Research

FabRx and UCL design 3D printed device to tackle drug pollution in water supplies

Researchers from pharmaceutical 3D printing specialist FabRx, University College London and Universidade de Santiago de Compostela (USC) have developed a novel 3D printed device capable of removing drugs from water.

The infiltration of pharmaceutical drugs into environmental water supplies is a key global issue that can have huge impacts on ecological equilibrium and pose significant risks to human health.

The team’s customizable and reusable biocatalytic device, called Printzyme, is able to remove certain pharmaceutical drugs from water, and could potentially help to tackle the world’s water pollution crisis in the future.

The researcher's Printzyme device can remove pharmaceutical drugs from water. Image via the Water Research journal.
The researcher’s Printzyme device can remove pharmaceutical drugs from water. Image via

Pharmaceutical 3D printing

FabRx is a UCL spin-out that leverages 3D printing technologies to create personalized medicines and drug delivery devices. 

The company has previously worked with UCL and USC to develop personalized 3D printed chewable tablets for children with the rare metabolic disorder maple syrup urine disease (MSUD), and has leveraged 3D printing to fabricate its Printlets with Braille and Moon patterns to aid medicine taking for patients with visual impairments. 

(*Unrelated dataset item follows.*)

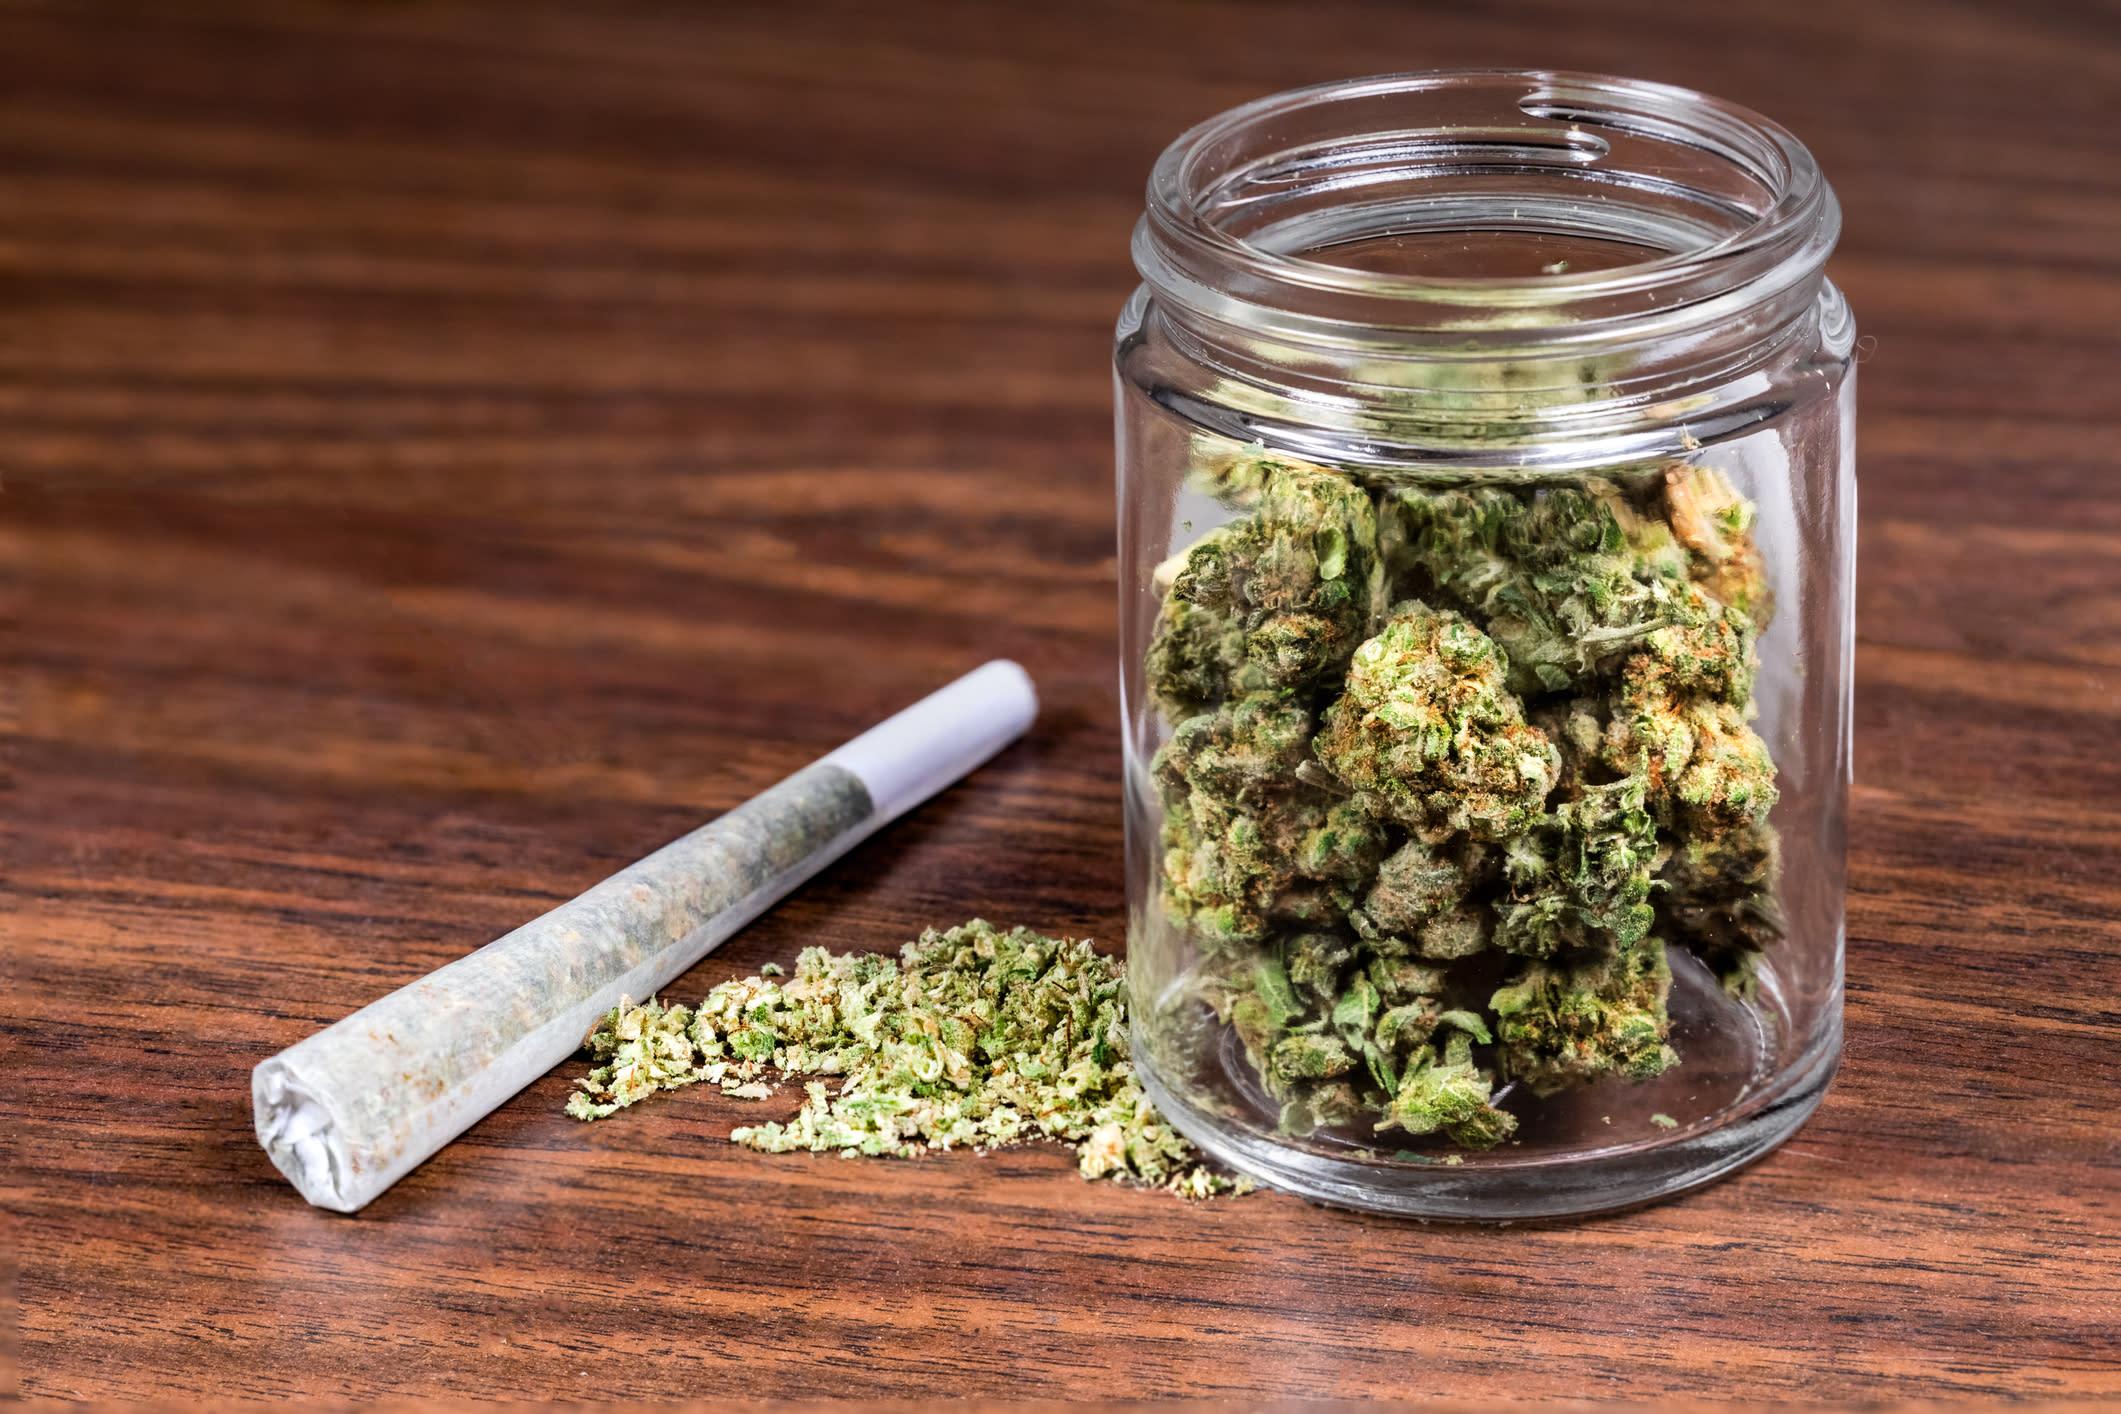 Марихуана предотвратит 228 за марихуану

Most recently, the three partners worked together to develop 3D printed punctal plugs to combat dry eye disorder. The punctal plugs were loaded with the anti-inflammatory medication dexamethasone and inserted into the tear duct of an eye to block it and prevent liquid drainage.

Now, the team is turning its attention to investigating how 3D printing can help to reduce the harmful pollution of pharmaceutical drugs within our environmental water supplies.

Two torus and two cylinder 3D printed Printzymes. Image via the Water Research journal.
Two torus and two cylinder 3D printed Printzymes. Image via the Water Research journal.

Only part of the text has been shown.